- 1 pound grape or cherry tomatoes, halved
4 tablespoons extra-virgin olive oil, divided
6 ounces thickly sliced pancetta, cut into 1/2 inch pieces
1 pound bucatini or thick spaghetti
8 ounces arugula (baby or regular)
1/2 cup freshly grated pecorino romano (or parmesan) cheese
- Preheat oven to 275ºF.
On a rimmed baking sheet, set the tomatoes cut-sides up and drizzle with 3 tablespoons of the olive oil. Season well with salt and pepper. Roast in the oven until their juices exude and they begin to shrivel, about 15 minutes, or longer if time allows.
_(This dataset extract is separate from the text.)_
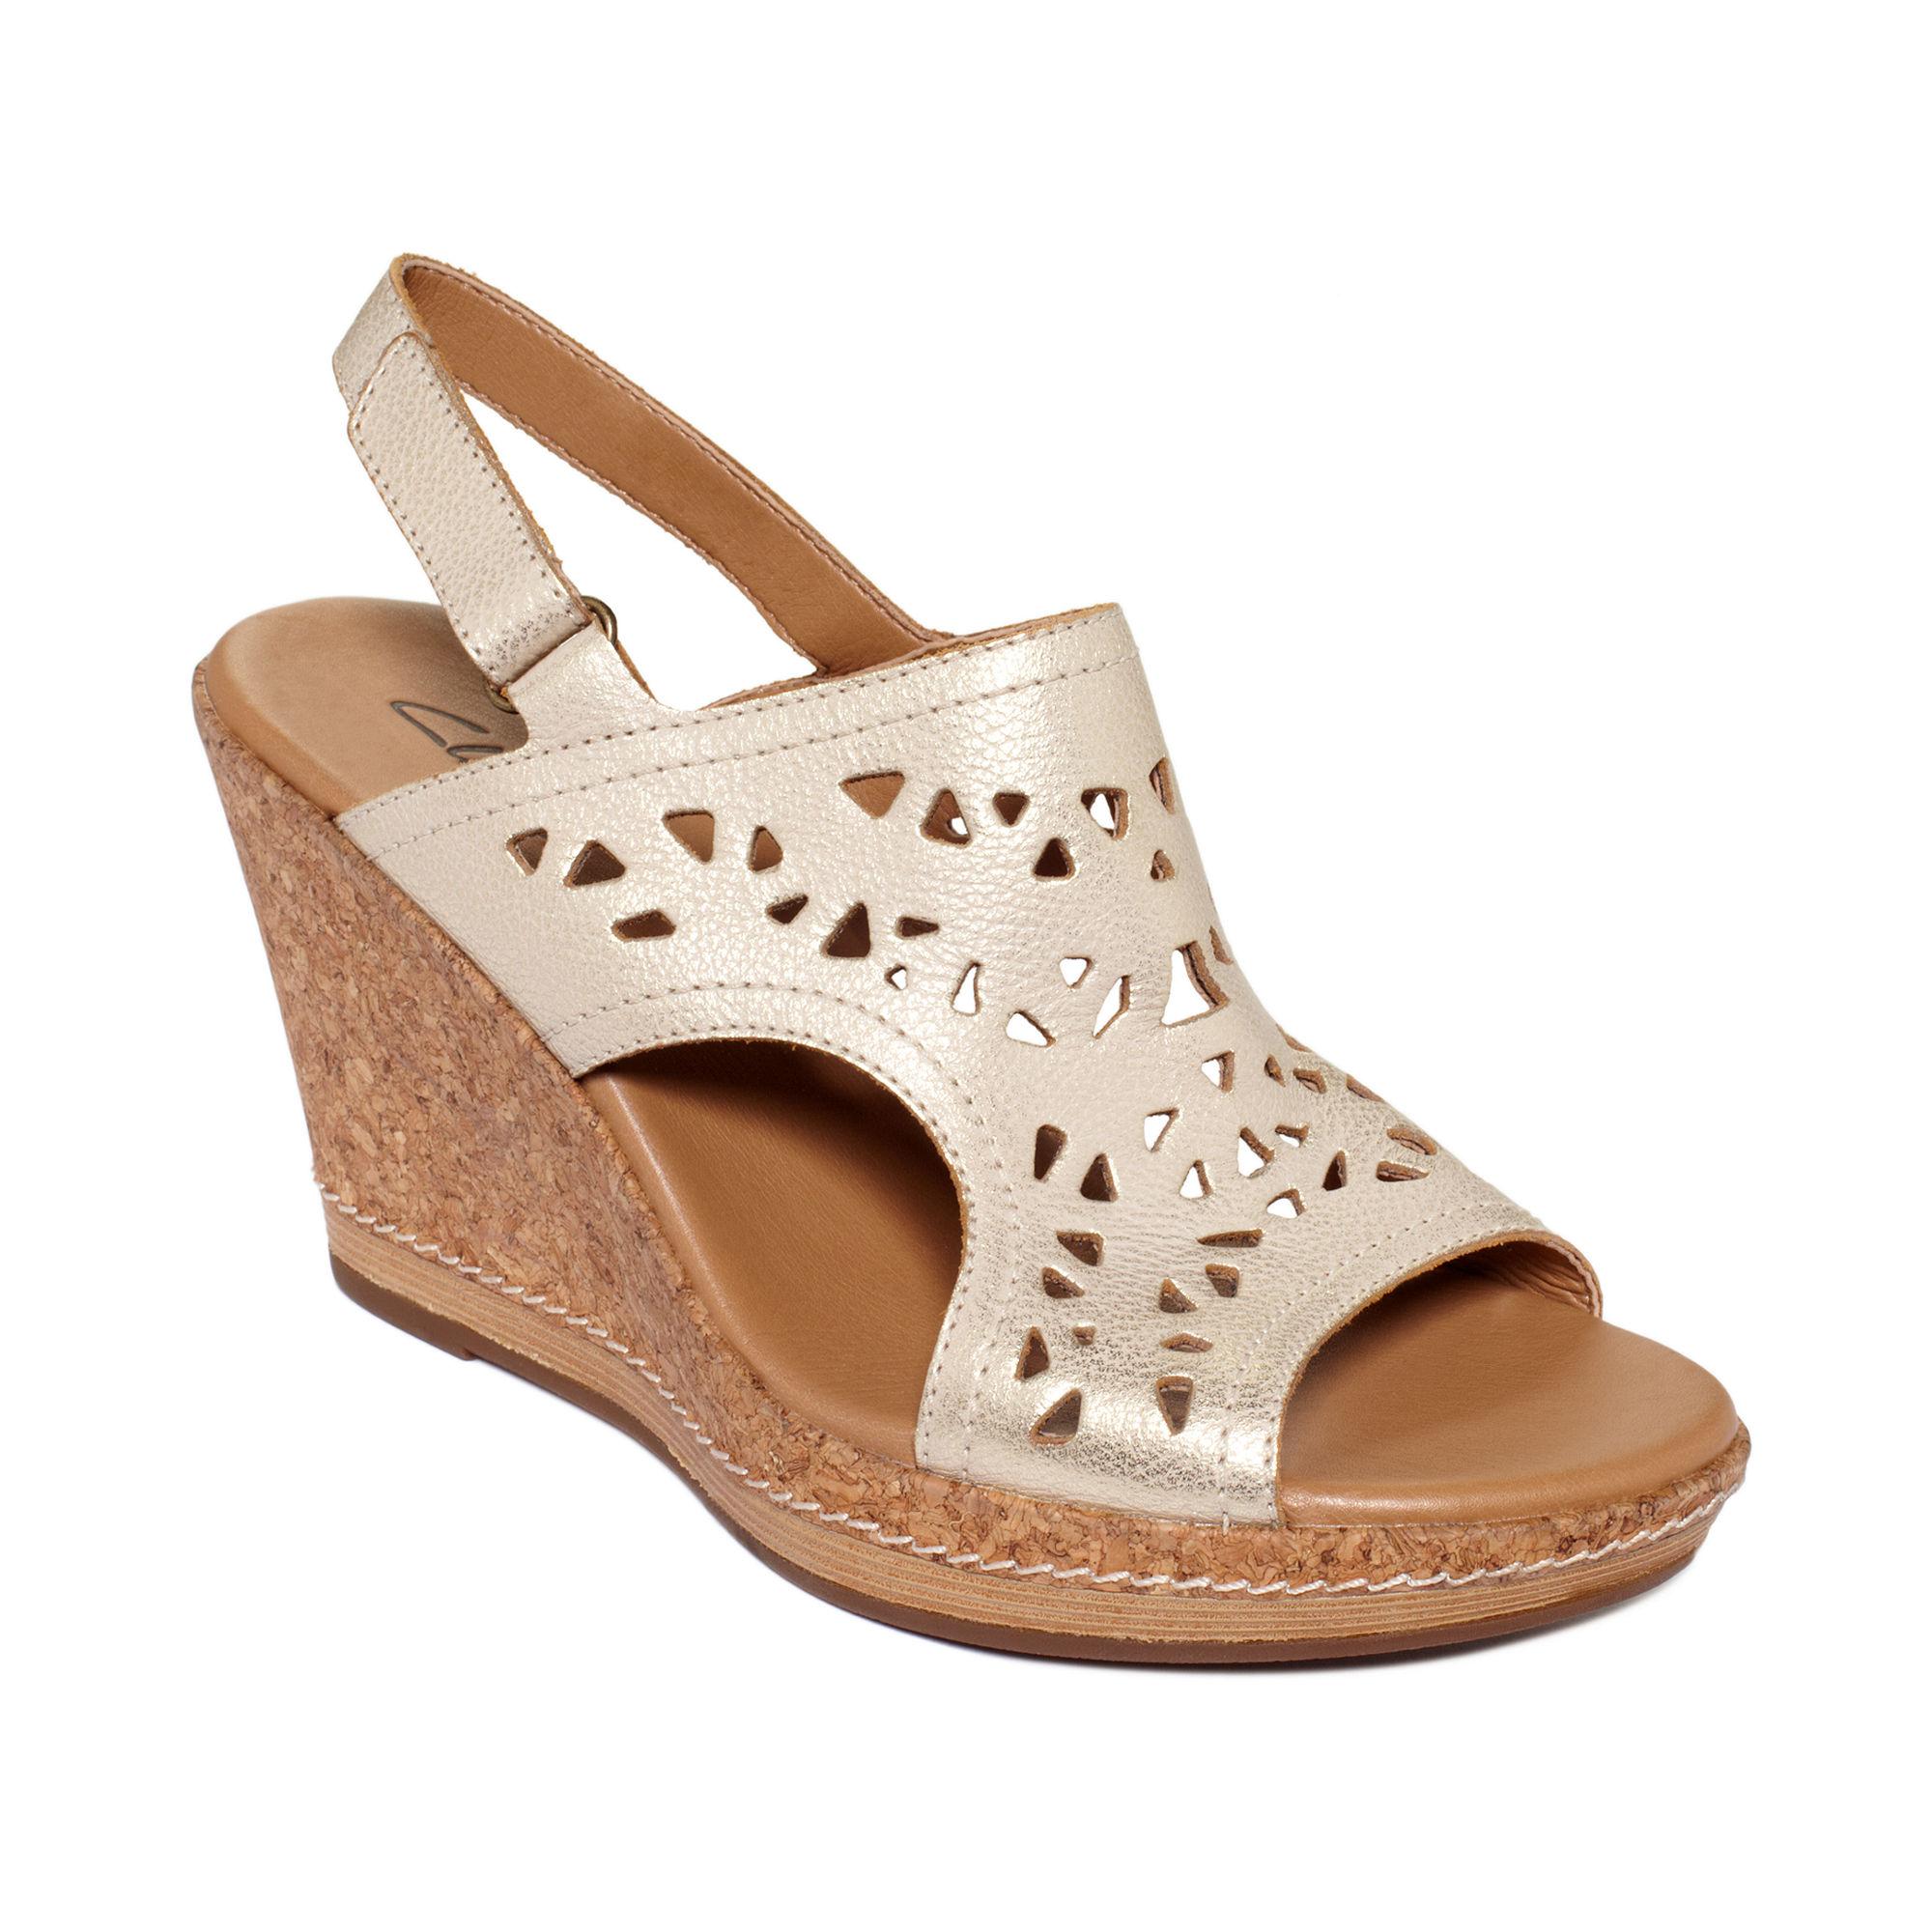 clarks pitch mint platform wedge sandals in lyst

Meanwhile, bring a large pot of salted water to a rolling boil.
Warm the remaining one tablespoon of olive oil in a large skillet and over medium heat. Add the pancetta and saute until the fat renders and the meat turns crispy, 12 to 15 minutes. Tip off about half the rendered fat. When the tomatoes are ready, scrape them (and their juices) into the skillet and cook, stirring occasionally, for about 5 minutes. Remove from the heat. Cover to keep warm.
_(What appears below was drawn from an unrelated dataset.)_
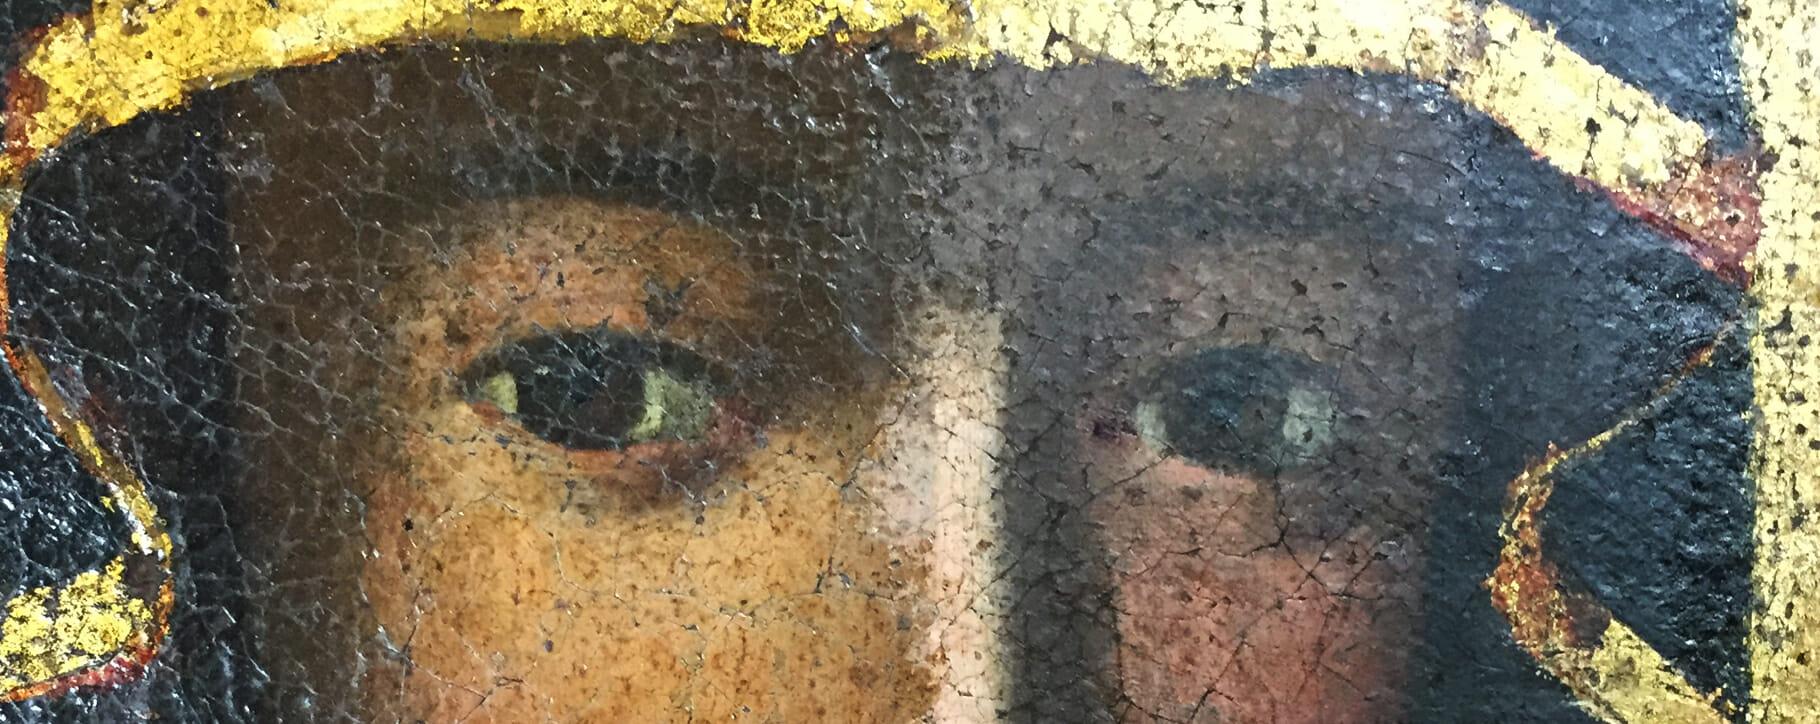 Virgin Mary Eyes Detail

Add the pasta to the boiling water and cook according to package directions, until al dente. Before draining, reserve 1 cup of pasta water. Drain.
Transfer the pasta to the skillet with the tomatoes and toss to combine thoroughly. Add a bit of the pasta water to loosen the sauce, then toss in the arugula one handful at a time, turning everything with tongs so the heat wilts the arugula. Serve hot, sprinkled with the grated pecorino.